Try it: The answer should be every line below, repeated exactly, with the images left out.

Data excerpt:
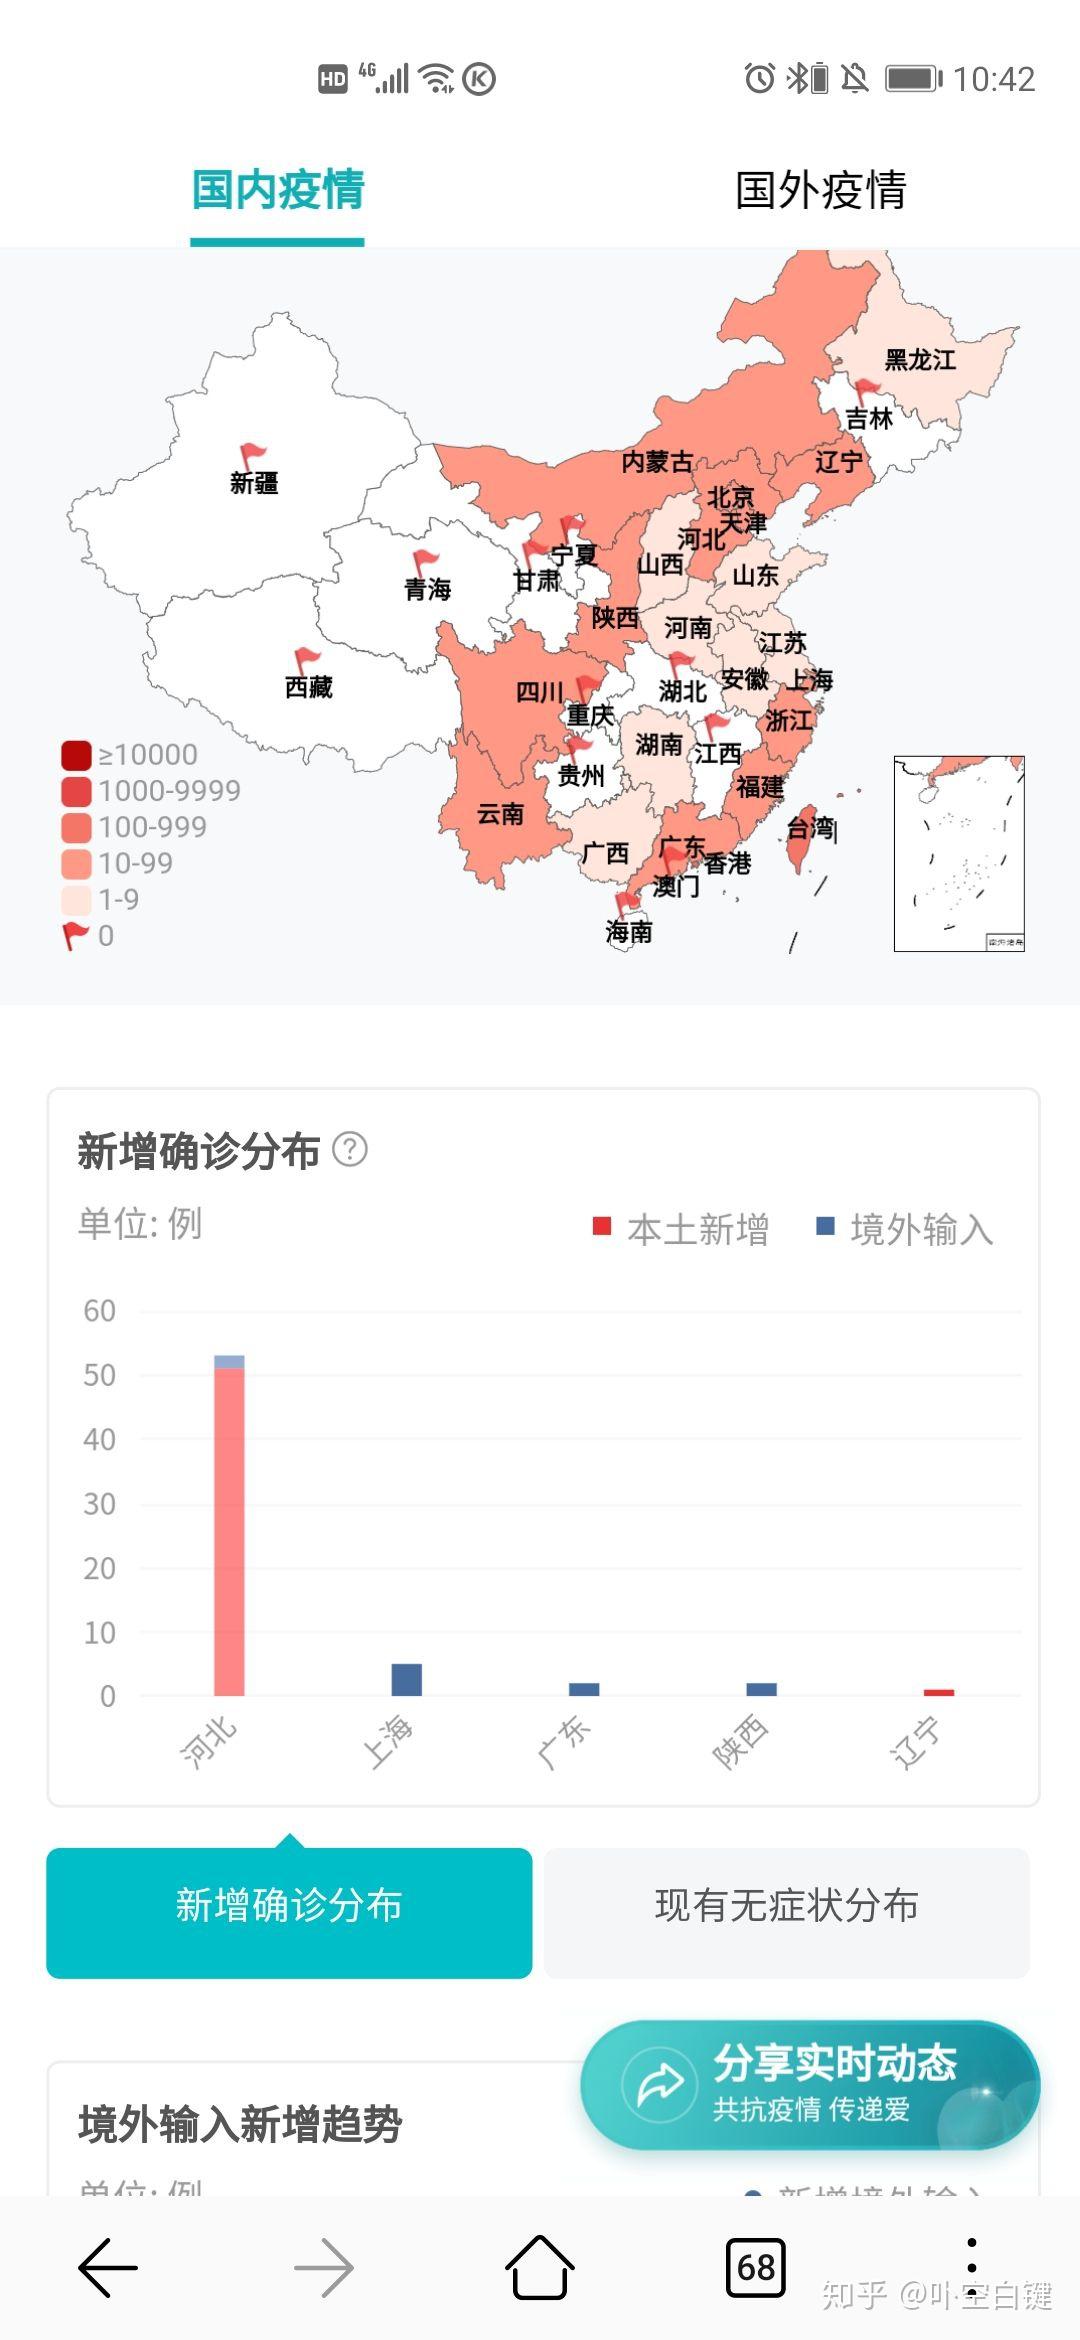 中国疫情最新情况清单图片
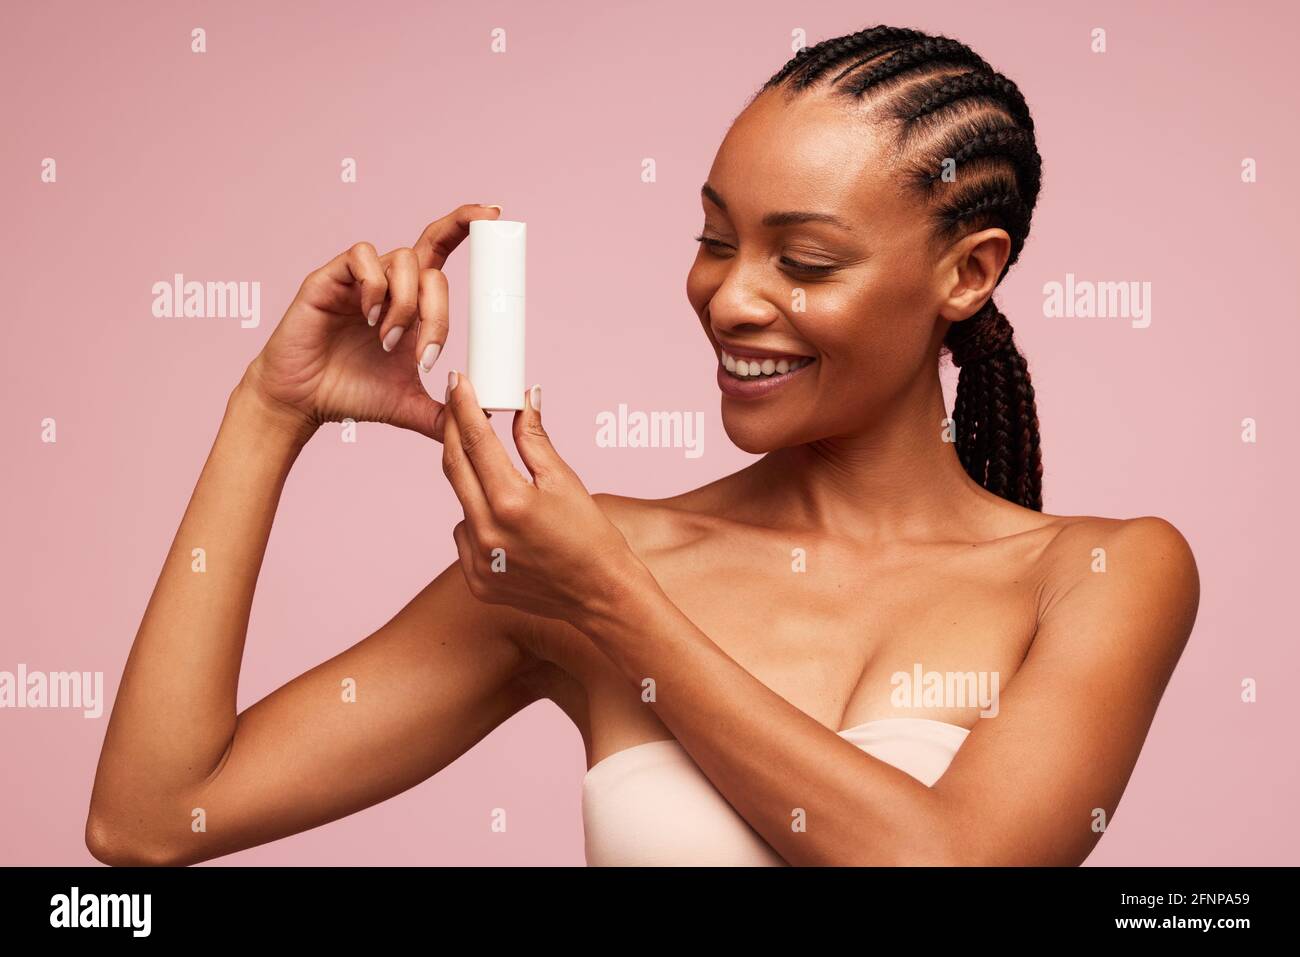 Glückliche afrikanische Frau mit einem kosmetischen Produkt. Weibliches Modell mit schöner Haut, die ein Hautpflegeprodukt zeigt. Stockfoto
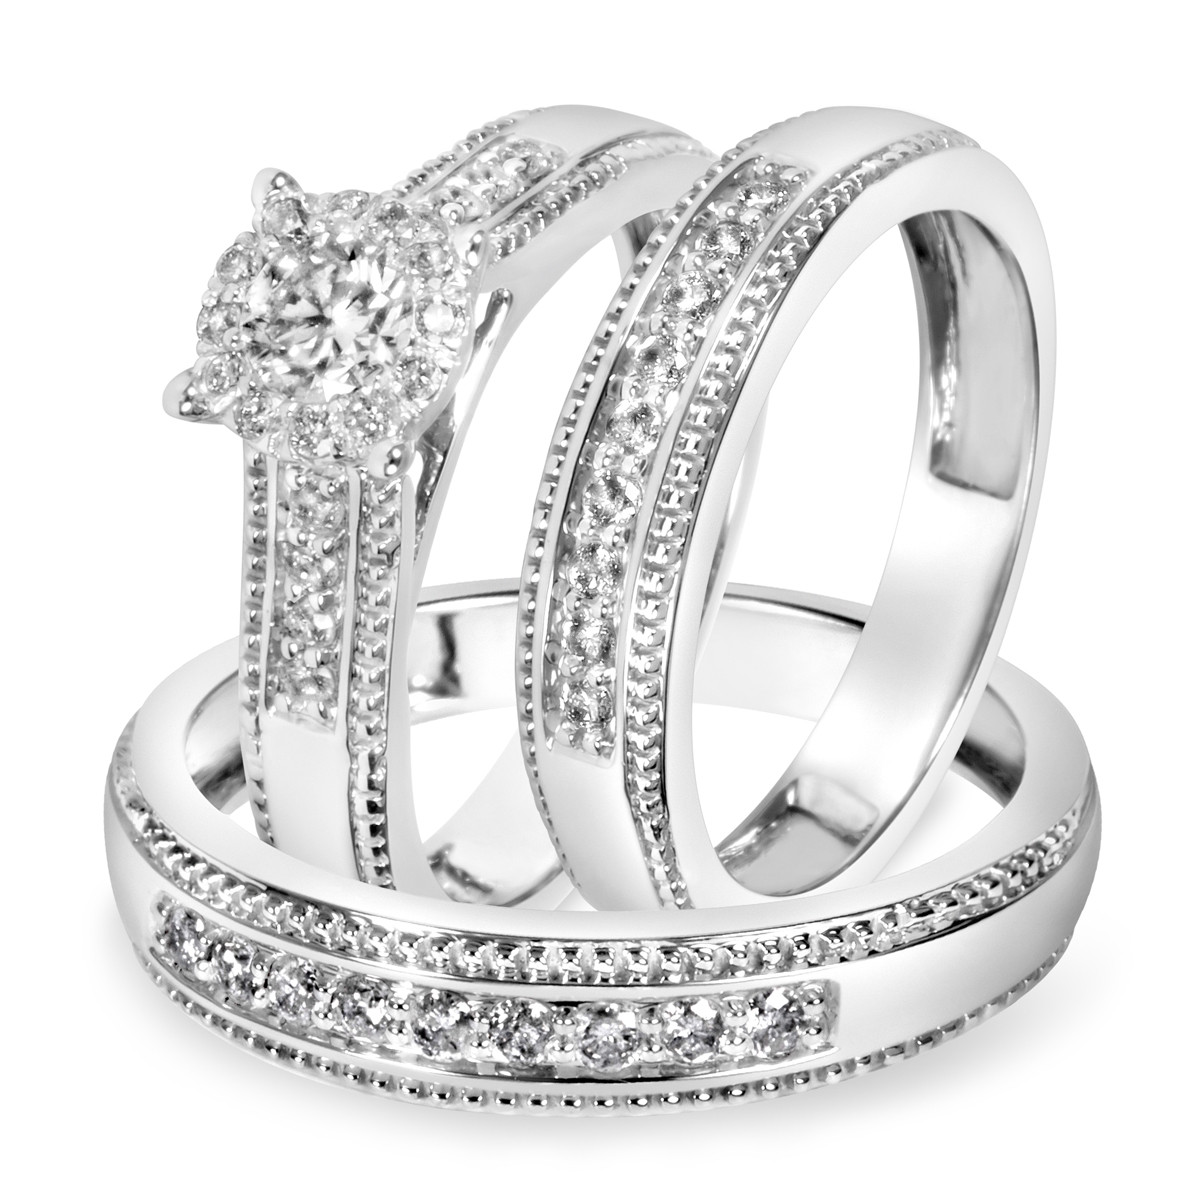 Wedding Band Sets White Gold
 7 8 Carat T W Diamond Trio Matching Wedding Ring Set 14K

Task response:
 中国疫情最新情况清单图片
 Glückliche afrikanische Frau mit einem kosmetischen Produkt. Weibliches Modell mit schöner Haut, die ein Hautpflegeprodukt zeigt. Stockfoto
 Wedding Band Sets White Gold
 7 8 Carat T W Diamond Trio Matching Wedding Ring Set 14K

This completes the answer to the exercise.